Threat actors have significantly accelerated their deployment of ransomware in recent years, from an average of over 60 days per attack in 2019 to less than four days in 2021, according to IBM.
The firm’s annual X-Force Threat Intelligence Index was compiled from billions of datapoints collected in 2022 from network and endpoint devices, incident response engagements, vulnerability and exploit databases, and more.
It found that although ransomware’s share of incidents fell from 21% in 2021 to 17% in 2022, attackers are conducting their attacks quicker than ever – with a 94% reduction in the average time taken to deploy ransomware between 2019 and 2021.
“One particularly damaging way ransomware operators distribute their payload across a network is by compromising domain controllers. A small percentage, approximately 4%, of network penetration test findings by X-Force Red revealed entities that had misconfigurations in Active Directory that could leave them open to privilege escalation or total domain takeover,” the report explained.

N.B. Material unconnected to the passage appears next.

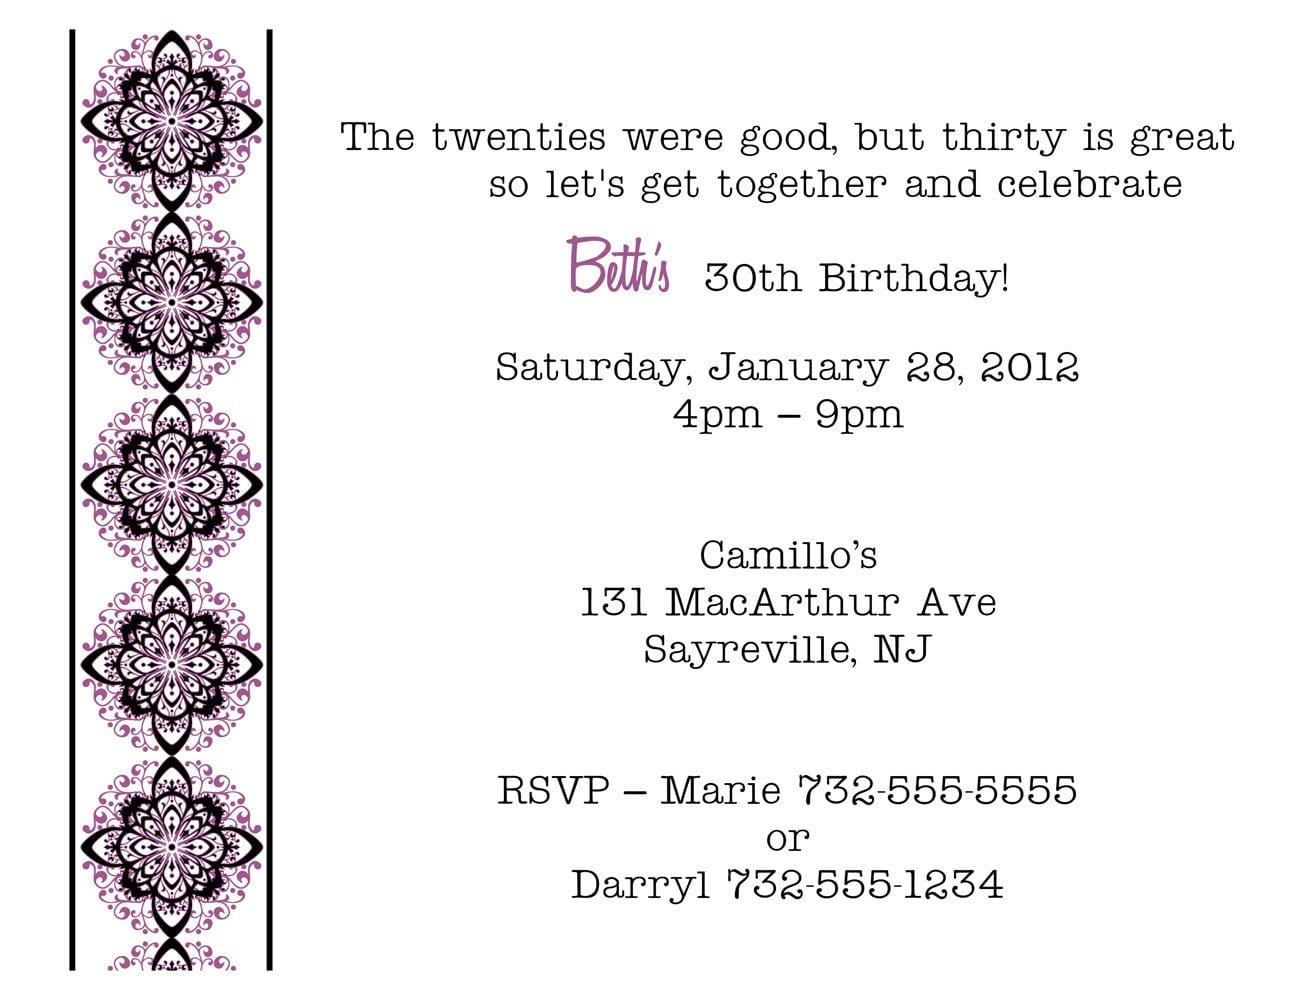 Birthday Invitation Text Message For Friends | Invitationswedd.org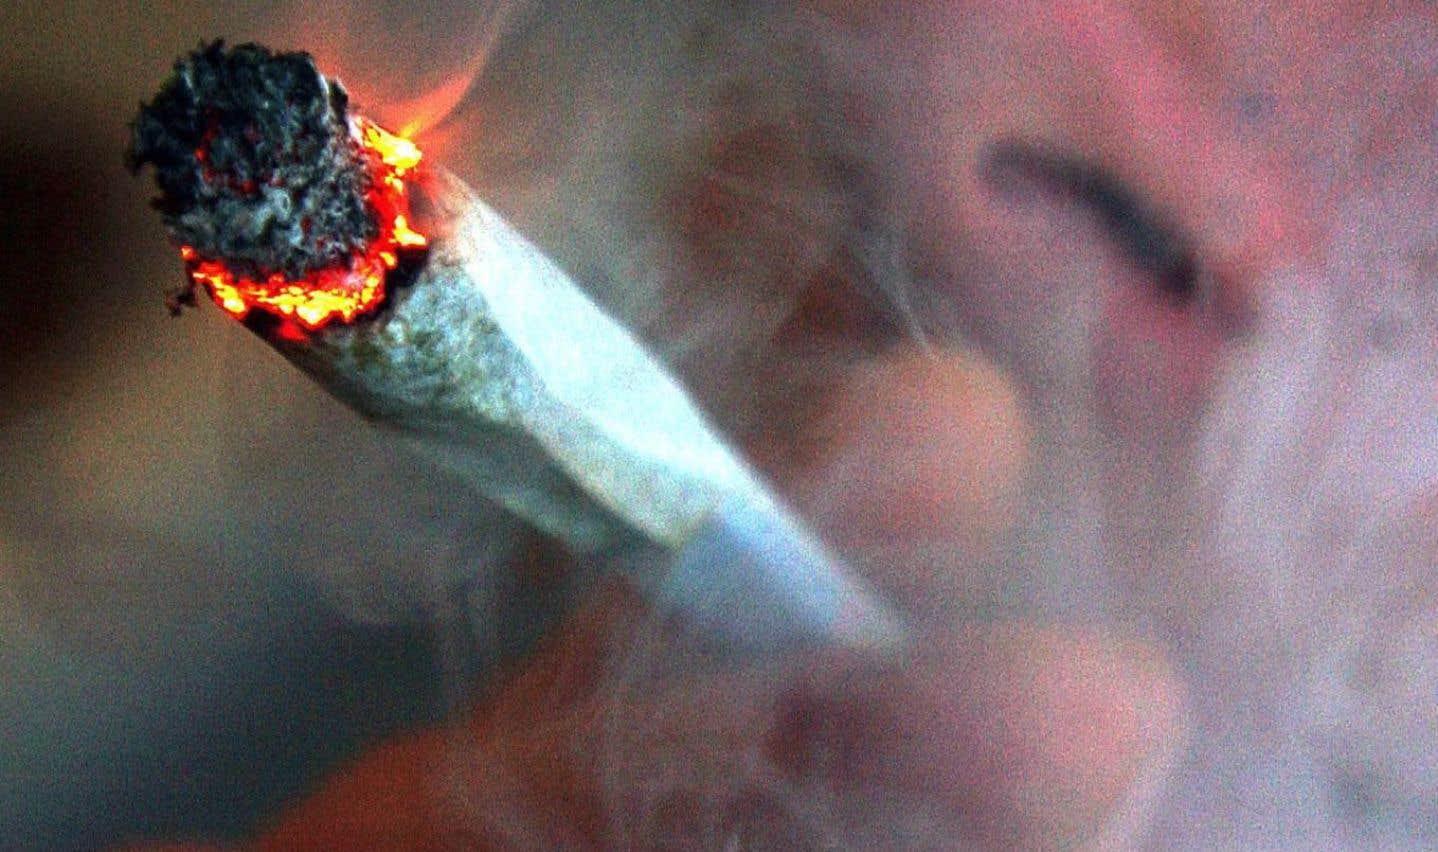 Légalisation de la marijuana: les médecins d'urgence sont inquiets

“In 2022, X-Force also observed more aggressive ransomware attacks on underlying infrastructure, such as ESXi and Hyper-V. The potentially high impact of these attack methods underscores the importance of securing domain controllers and hypervisors properly.”
The continued prevalence of ransomware helped to make extortion the number one goal of threat actors last year. It was present in a fifth (21%) of attacks, more than data theft (19%) and credential harvesting (11%), in second and third.
IBM said business email compromise (BEC) was the other major driver of extortion-based attacks, and that they frequently featured the use of remote access tools, crypto-miners, backdoors, downloaders and web shells.
Manufacturing firms accounted for the largest group of victims (30%) in extortion attacks.
Elsewhere, phishing remained the number one initial access vector last year, identified in two-fifths (41%) of incidents, followed by exploitation of public-facing applications (26%).
Once inboxes have been compromised, threat actors are increasingly turning to thread hijacking techniques to add legitimacy to spam emails and improve their chances of victim engagement.
IBM recorded a 100% increase in thread hijacking attempts per month in 2022 versus a year previously, with Emotet, Qakbot and IcedID campaigns in particular making heavy use of the tactic.